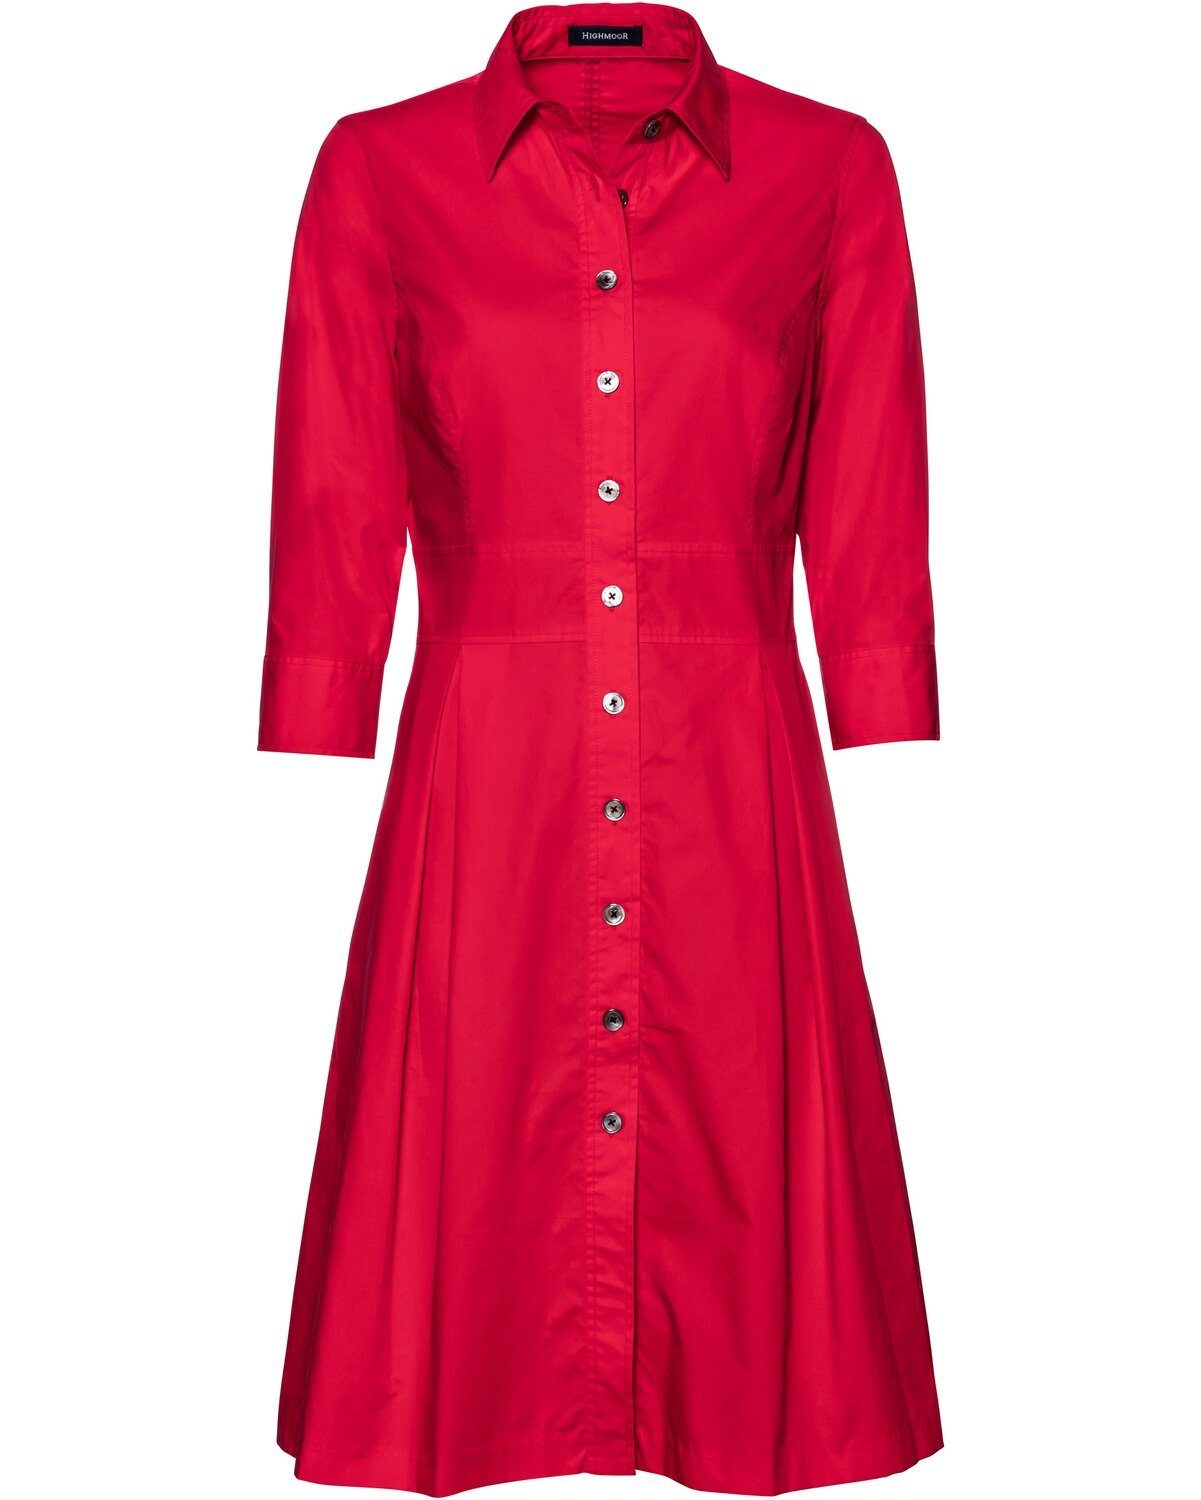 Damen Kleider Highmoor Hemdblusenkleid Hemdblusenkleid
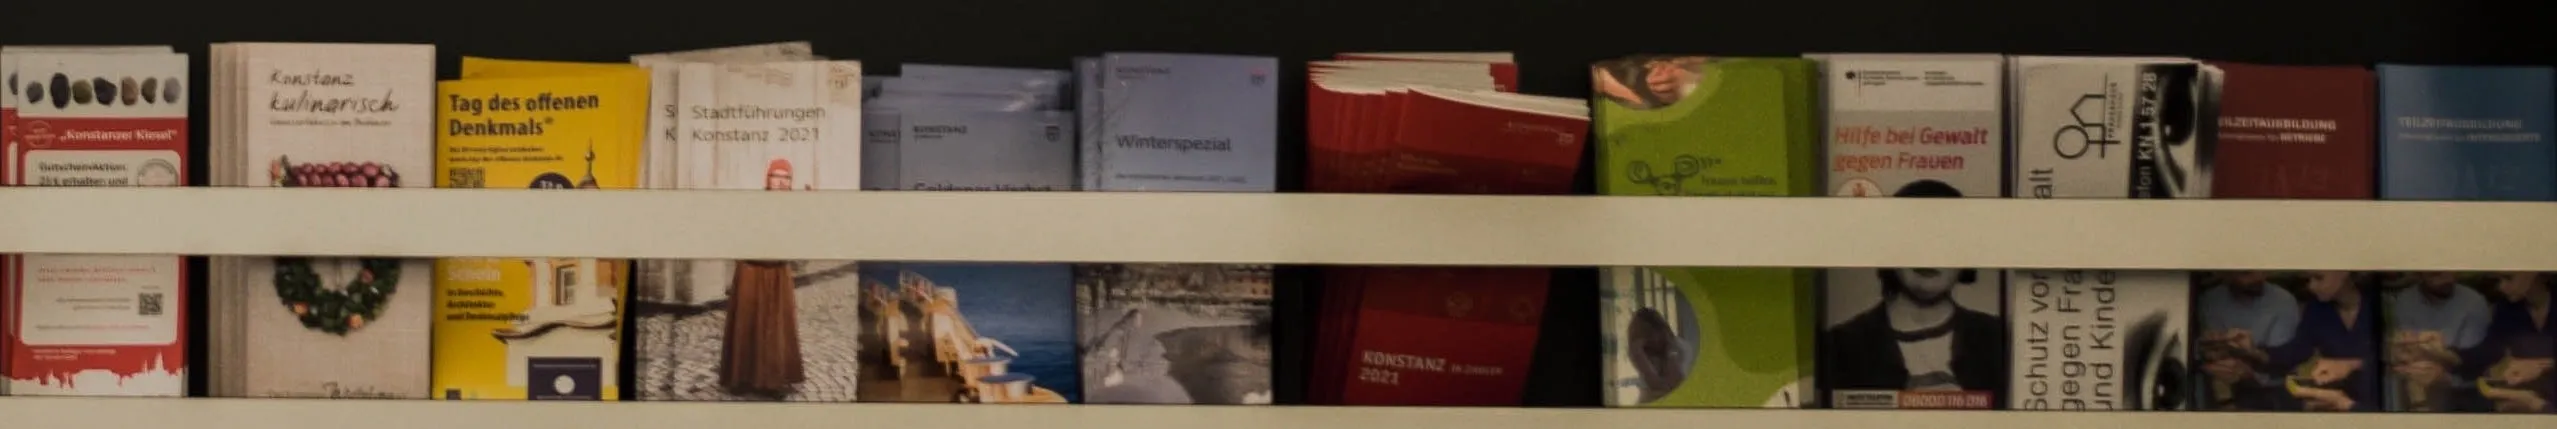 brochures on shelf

━━━

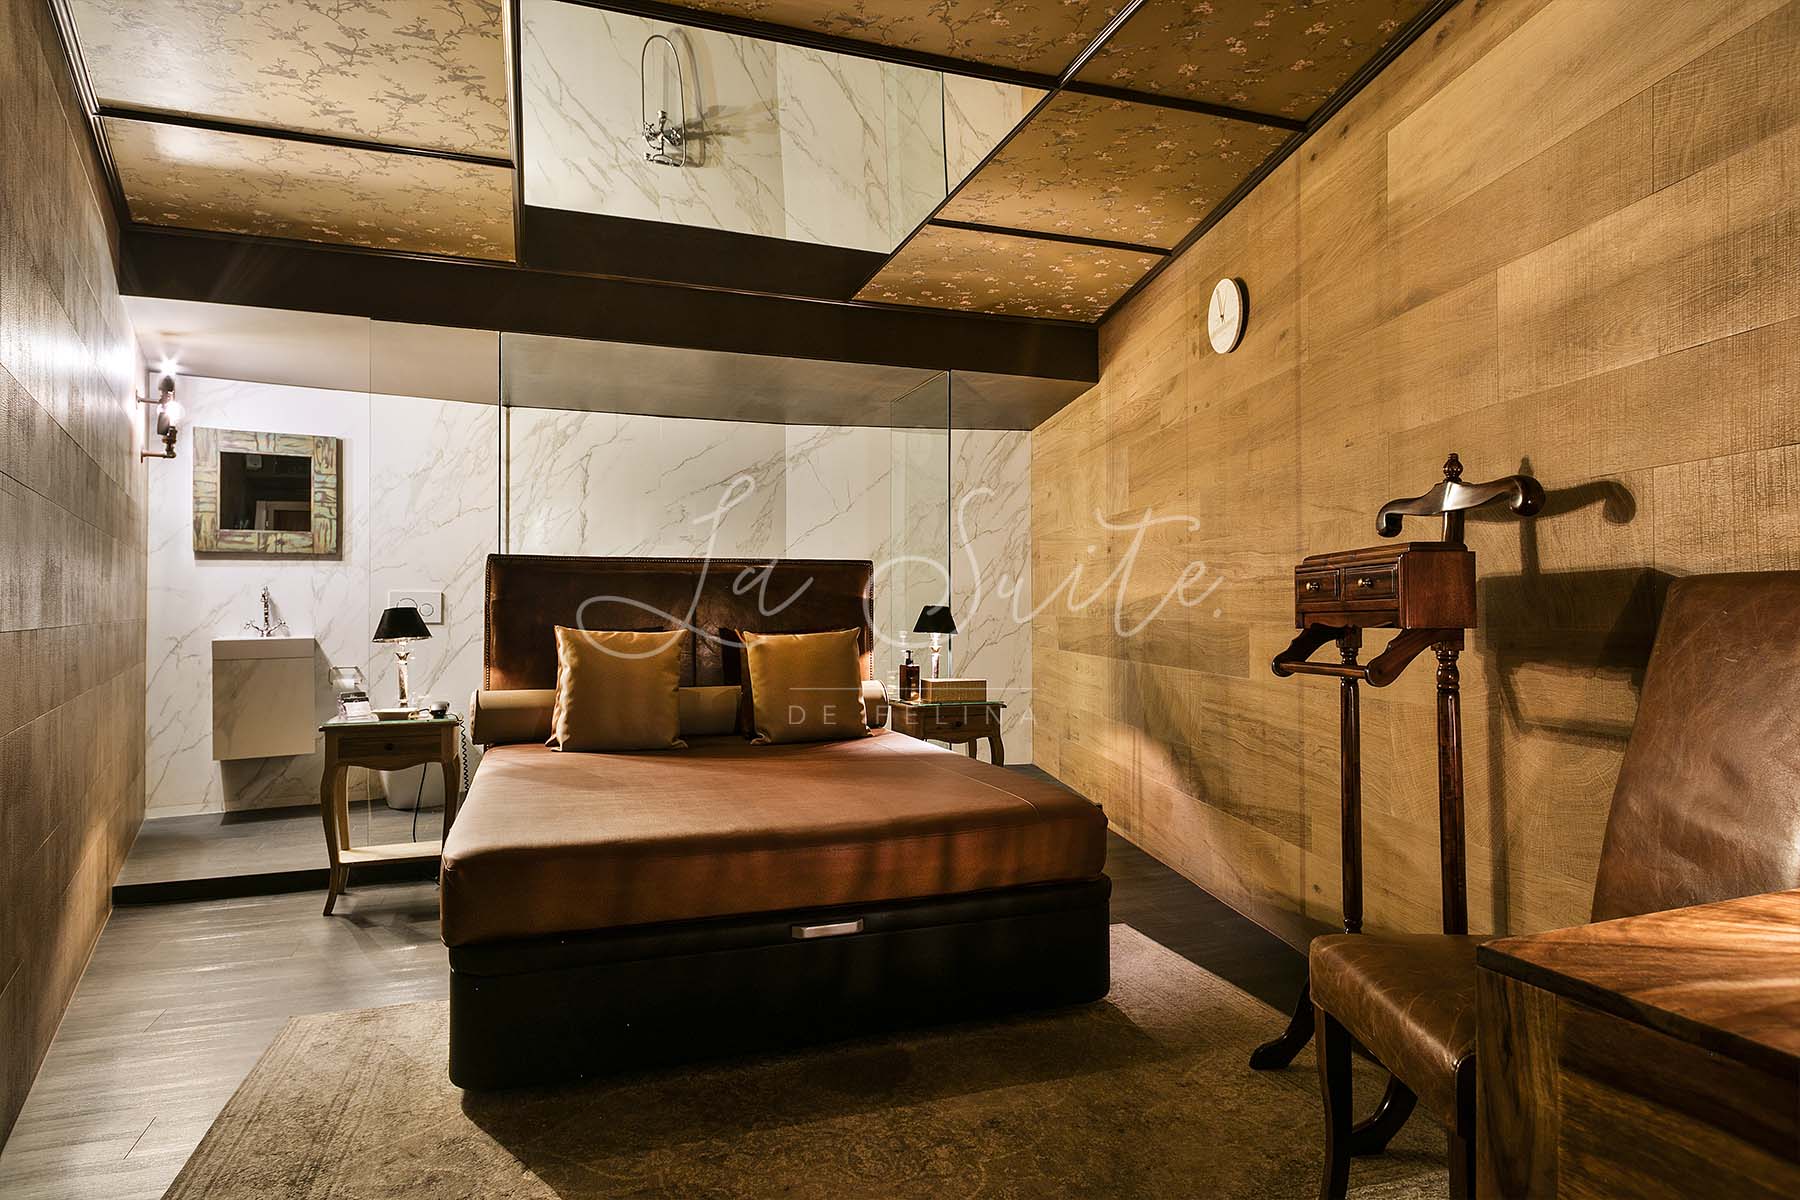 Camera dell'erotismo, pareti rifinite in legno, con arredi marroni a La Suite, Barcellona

━━━

Your instructions: Please copy the lines above exactly, starting at the line that holds "Damen Kleider Highmoor" and ending at the line that holds "brochures on shelf"; include both, but no pictures.

Solution to this problem:
 Damen Kleider Highmoor Hemdblusenkleid Hemdblusenkleid
 brochures on shelf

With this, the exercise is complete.